**Entries shown:**
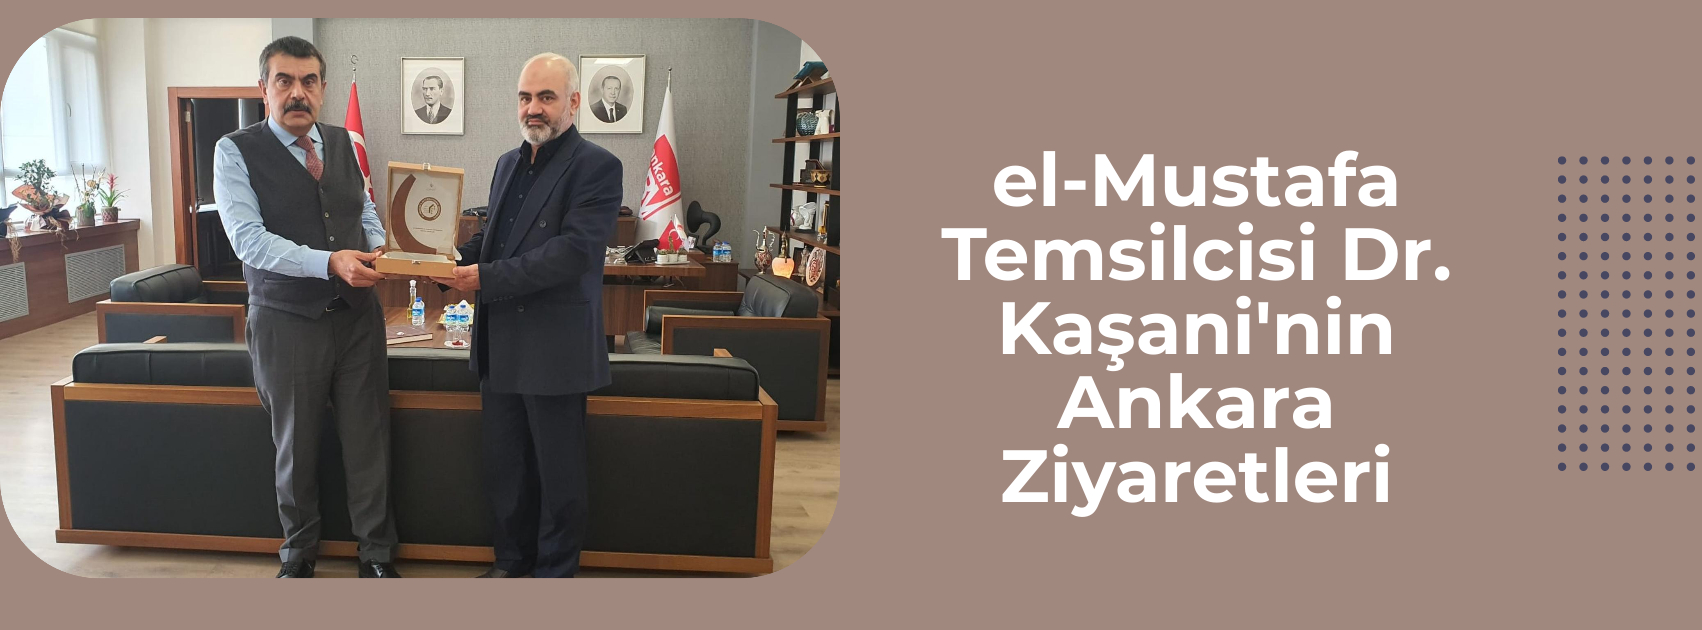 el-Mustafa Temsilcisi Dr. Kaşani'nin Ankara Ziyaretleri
==
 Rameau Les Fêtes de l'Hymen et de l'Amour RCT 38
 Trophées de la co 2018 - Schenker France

**Your assignment:**
In the listing above, locate the line containing "Rameau Les Fêtes" and the line containing "Trophées de la co 2018 - Schenker France". Transcribe those two lines and everything between them, exactly as written.

**Reply to the exercise:**
 Rameau Les Fêtes de l'Hymen et de l'Amour RCT 38
 Trophées de la co 2018 - Schenker France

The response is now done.